Having been born at a United Fruit Company hospital on Guatemala's north coast and lived for several years in the division headquarters for its south coast plantations, I have always found it curious that so many scholars have consistently repeated the same accusations about UFCO's Guatemala operations. It is even more intriguing that virtually no historians have sought to verify whether most of the oft-repeated charges are, in fact, valid. This book, which does not pretend to be an academic treatise, puts on the record essentially all of the criticisms that have been published about the United Fruit Company's tenure in Guatemala. While some of the allegations are certainly valid, it is also apparent that many others are completely erroneous -- as only a few authors have thus far pointed out. Not surprisingly, U.S. scholars have largely dismissed these writers as "apologists."

Most accounts about the banana company have also failed to describe the significant contribution that United Fruit made to Guatemala's human and economic development. In addition to providing employment to tens of thousands of workers and paying them the nation's best rural wages, the Company also offered its employees excellent medical care, rent-free housing, and six years of free schooling for countless children. By clearing and draining thousands of acres of jungle that are today among the country's most productive farm lands, United Fruit converted Guatemala into a major banana producer, thereby ending the country's unhealthy dependence on its exports of coffee. The Company's pioneering work in eliminating malaria and other tropical diseases early in the twentieth century also demonstrated that Guatemala's sparsely inhabited coastal areas offered rich, previously unexploited agricultural zones. Ultimately, the taxes and salaries that the United Fruit Company paid, and the millions of dollars of foreign exchange earnings that it annually generated, impacted in an important way on Guatemala's economy.

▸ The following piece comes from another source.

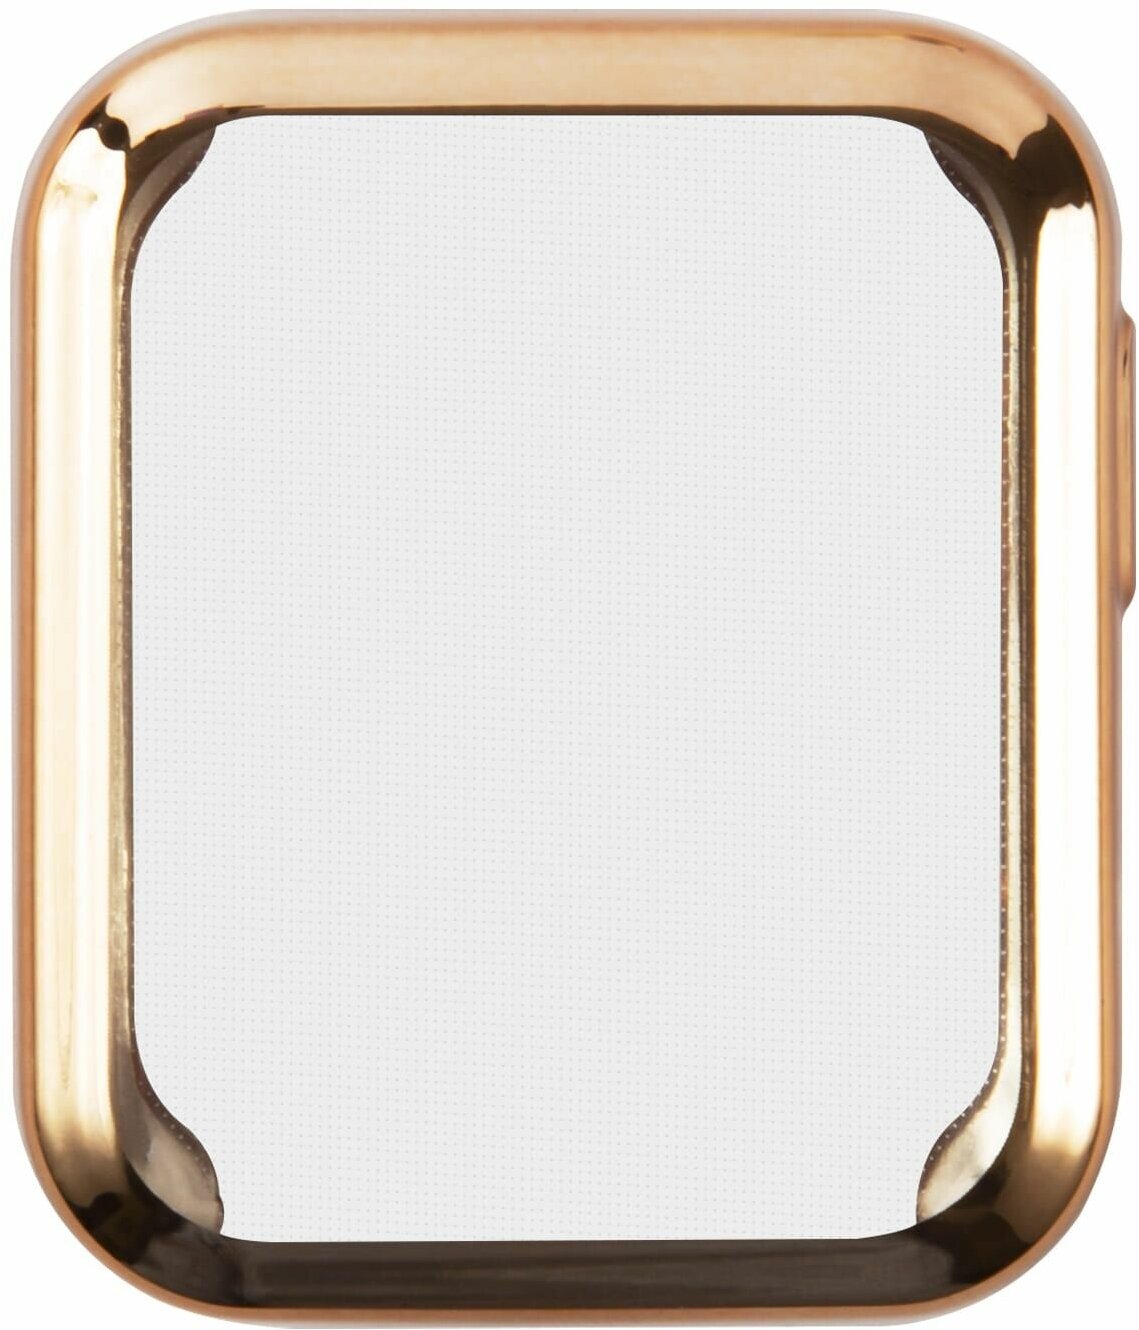 Защитное стекло с цветным бампером для Xiaomi Mi Watch Lite/Защита от царапин для смарт часов/Стекло/Защитный экран для Ксиаоми Ми вотч Лайт, золотой
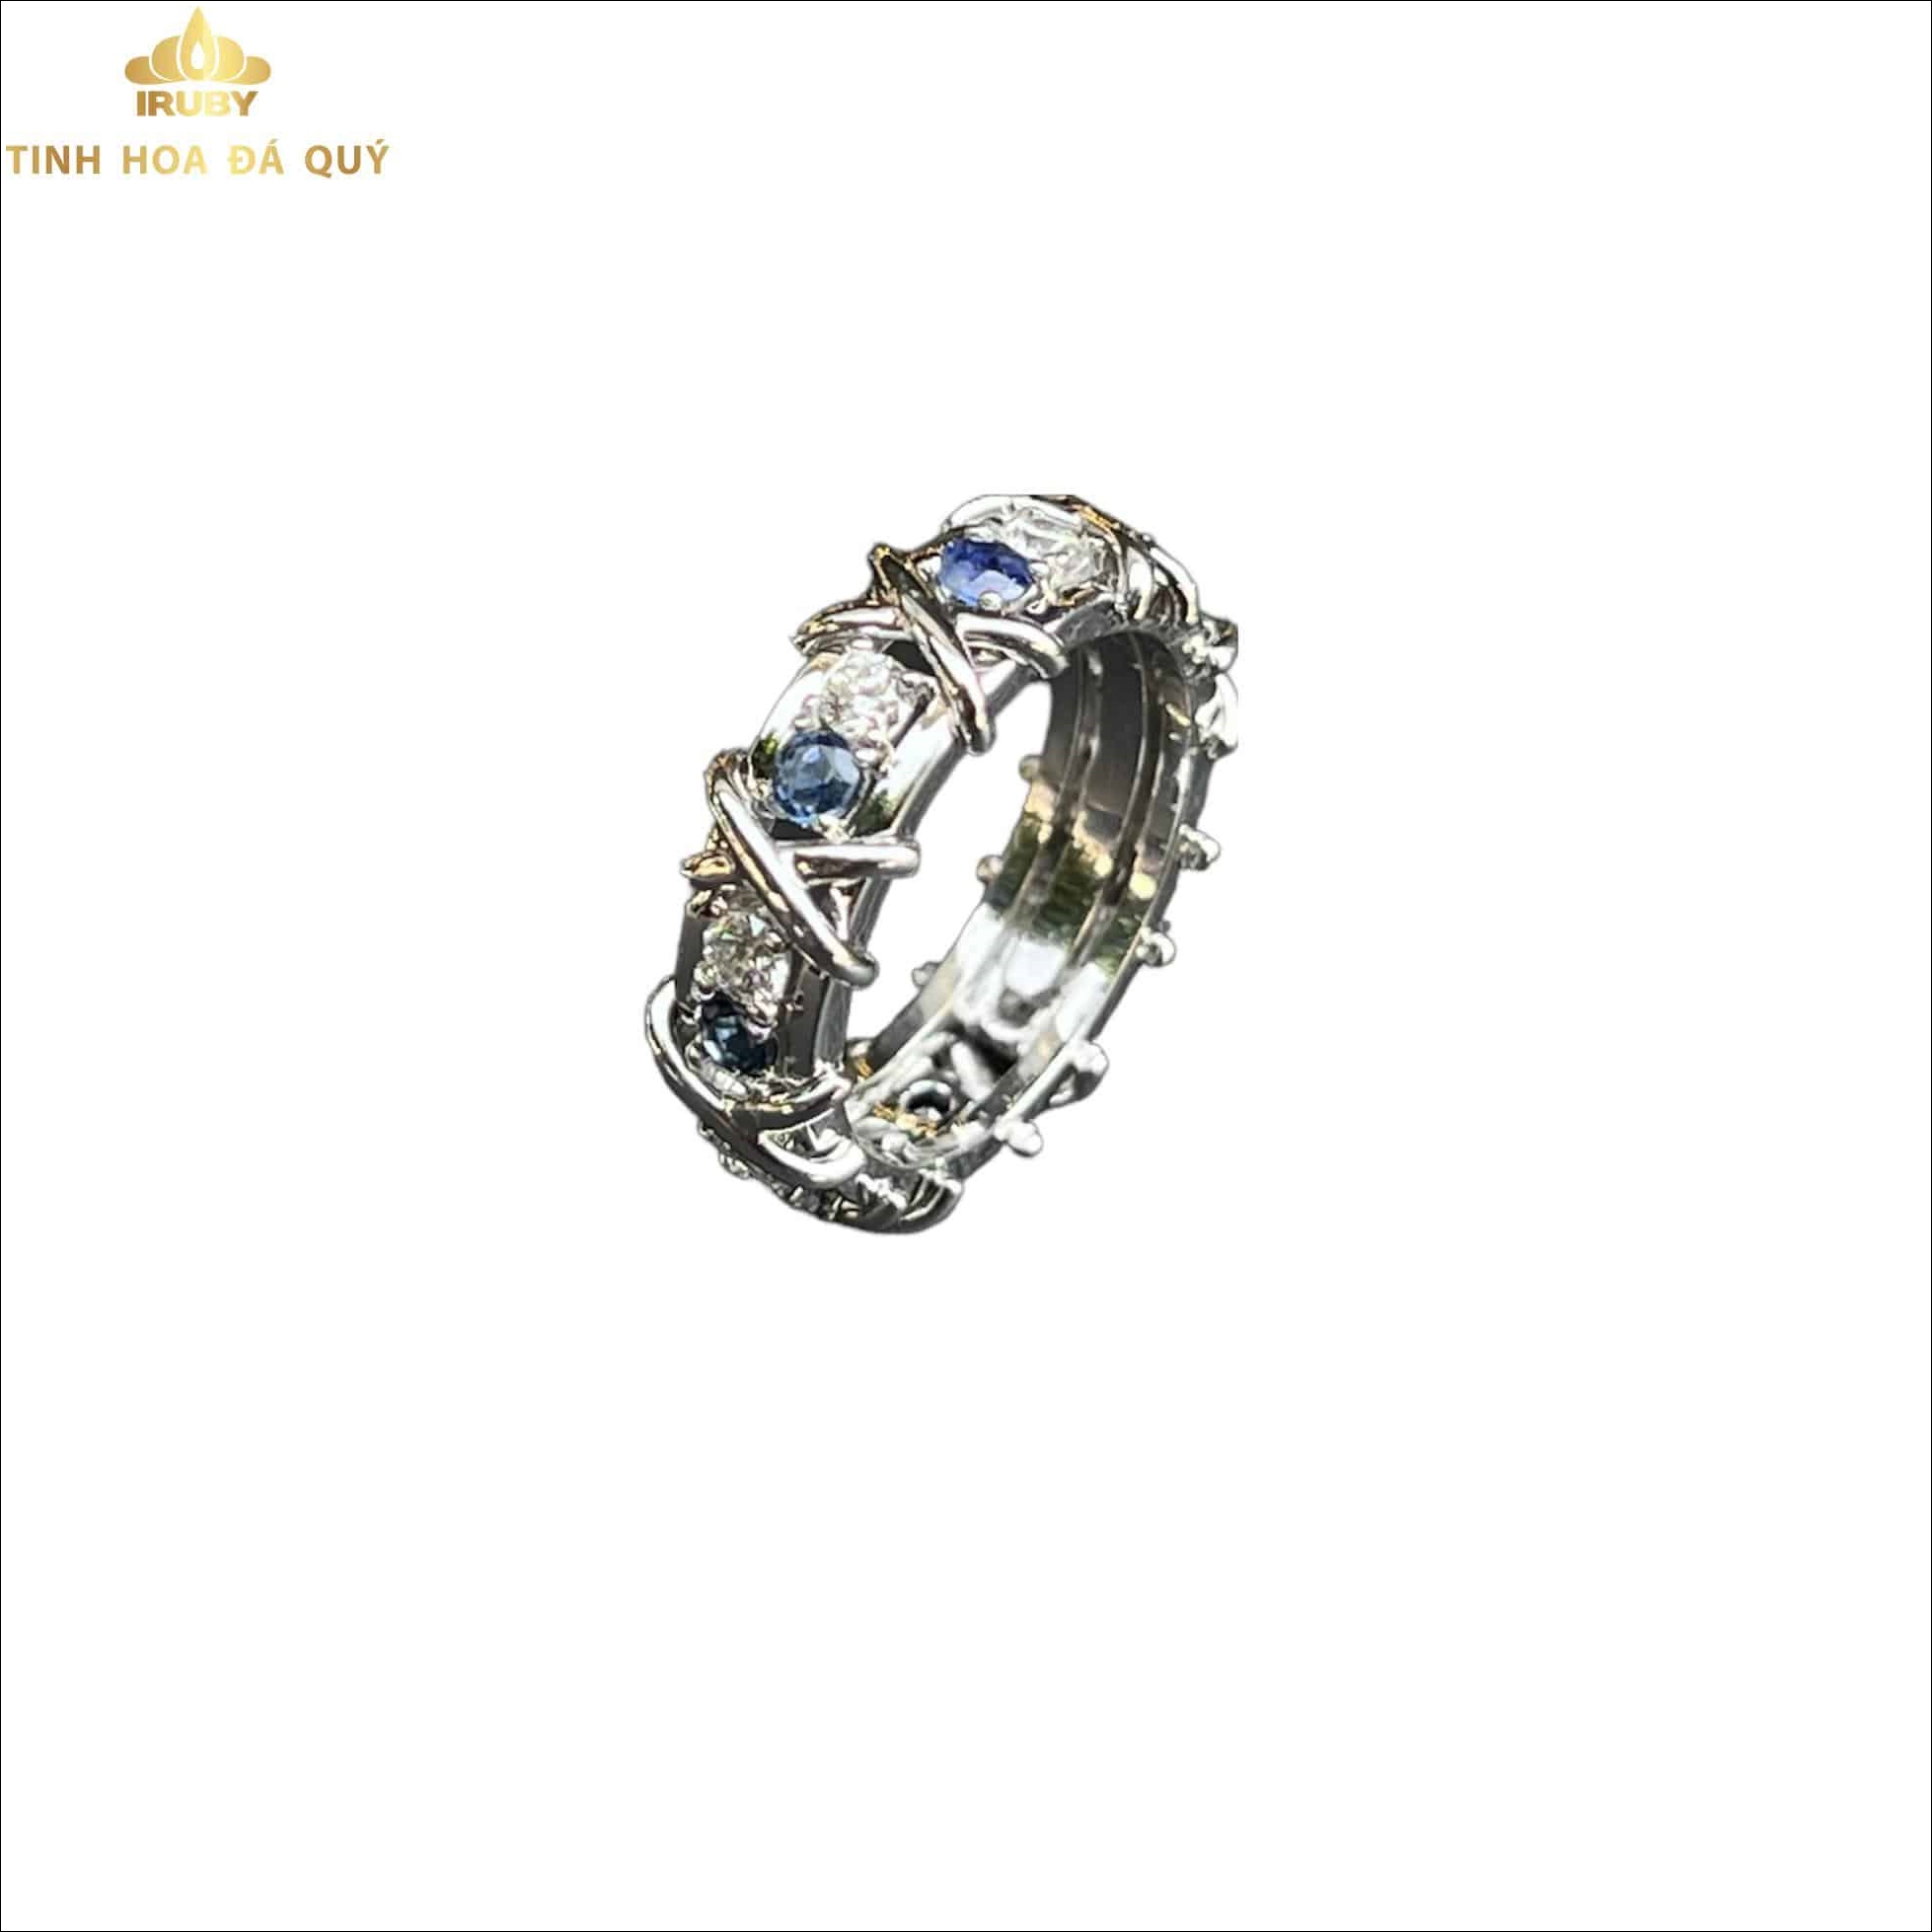 Nhẫn nữ Sapphire kết Kim Cương mẫu Tiffany 2,5ct - IRSP 221025

The book also examines the frequently repeated charge that the United States engineered the 1954 coup against the government of President Jacobo Arbenz Guzmán in order to regain the land Guatemala had expropriated from the United Fruit Company. Although UFCO was certainly instrumental in orchestrating an effective media campaign against the Arbenz government, it is clear that the Eisenhower administration was intent on ousting what it considered to be a Communist beachhead that threatened U.S. national security. Spurred on by John Foster Dulles, his vehemently anti-Communist secretary of state, President Eisenhower would have moved to depose Arbenz even if the United Fruit Company had never operated in Guatemala.

Finally, the book provides little-known information about the enormous effort that was required to establish immense banana plantations in the midst of isolated jungles, where health concerns and the oppressive heat were constant, debilitating factors. While United Fruit's complex and efficient division of labor was undoubtedly instrumental in transforming huge wilderness areas into productive farm lands, it was the employees -- Guatemalan, North American and European -- whose hard work made possible the conquest of Guatemala's disease-ridden coastal areas. In doing so, those rugged individuals and their families were forced to cope with the extreme isolation and overwhelming tedium that characterized life on a banana plantation. That they were able to do this, particularly early in the twentieth century, is a remarkable feat that has been little understood or recognized.